World coordinate와 camera coordinate의 관계를 나타낸 것을 extrinsic calibration, 렌즈와 이미지 센서와의 관계에서 발생하는 초점거리, 주점 등의 영향을 나타낸 것을 intrinsic calibration으로 볼 수 있습니다. Normalize 과정은 초점 거리를 이용하여 식을 세울 수 있습니다.

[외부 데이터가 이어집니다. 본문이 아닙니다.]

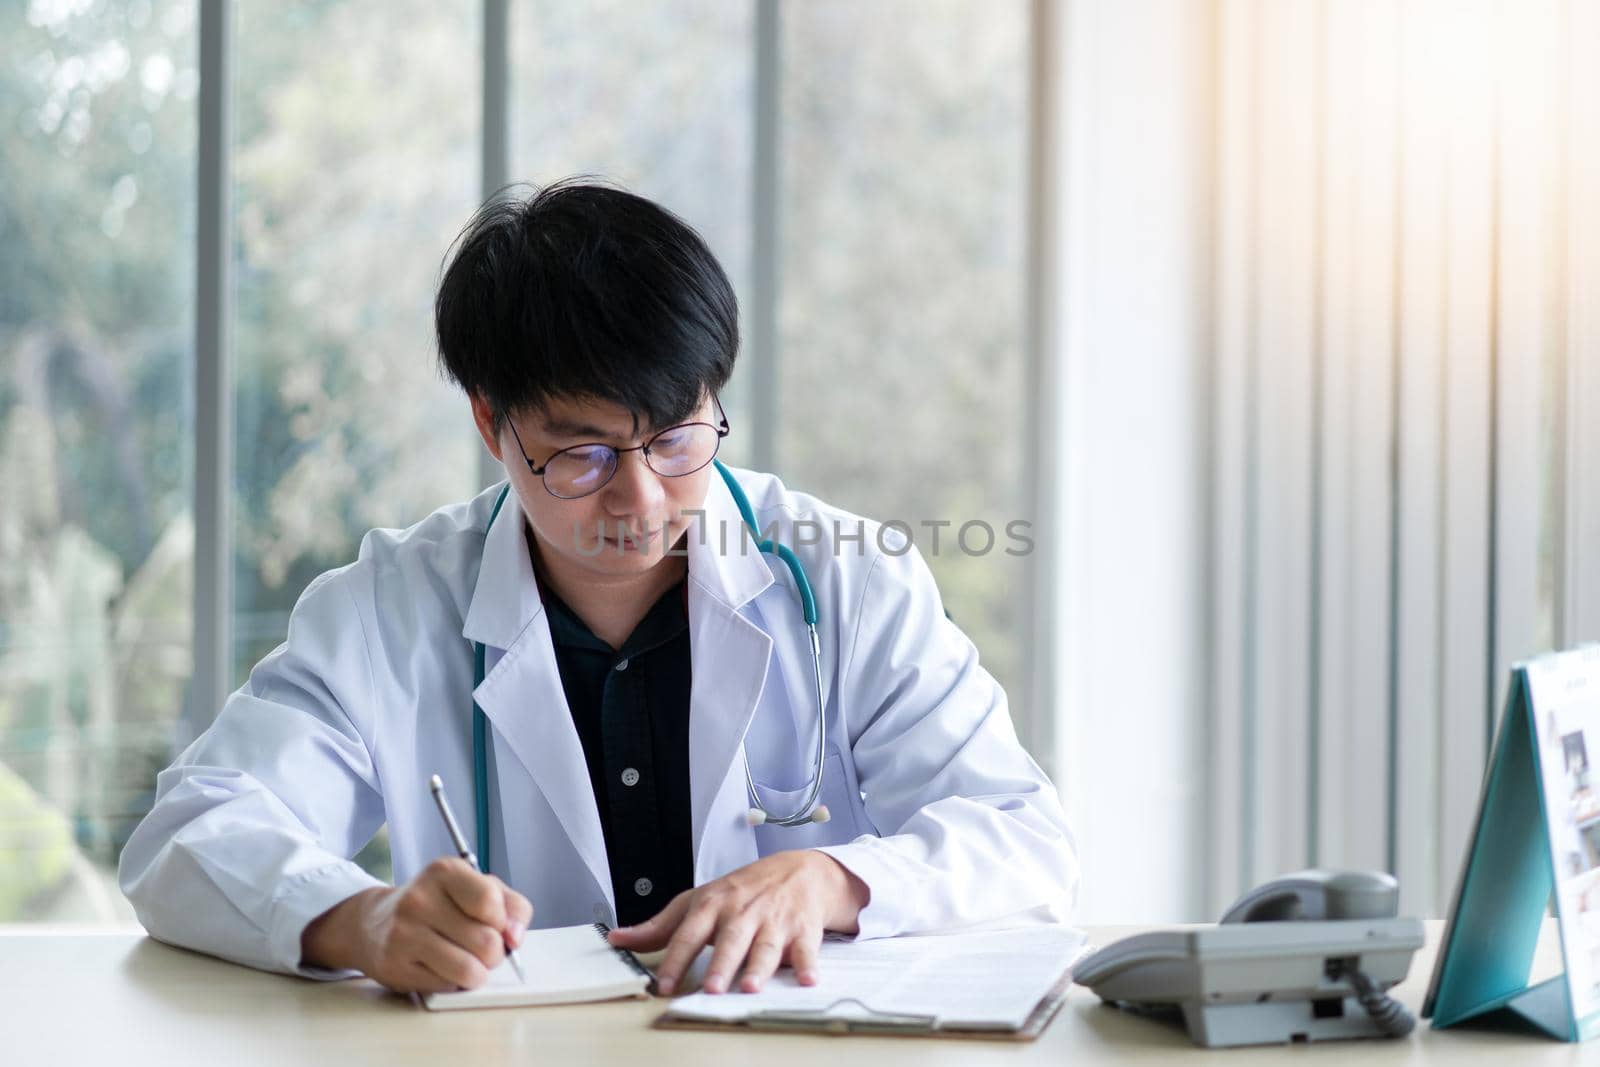 Male doctor sitting in office analyzing and writing patient sickness report by Buttus_casso

초점 거리는 렌즈로부터 상까지의 거리로 카메라에서는 실제 물리단위인 mm로 표기합니다. Computer vision에서 초점거리는 이미지 센서의 cell 크기에 대한 상대적인 pixel 단위로 표현하며, $sensor\_width\space[mm] \times focal\_length\space[pixel] = focal\_length\space[mm]$ 니다. Image plane에서 normalize 등을 처리할 때는 pixel 단위로 처리하기 때문에 pixel 단위로 표현합니다.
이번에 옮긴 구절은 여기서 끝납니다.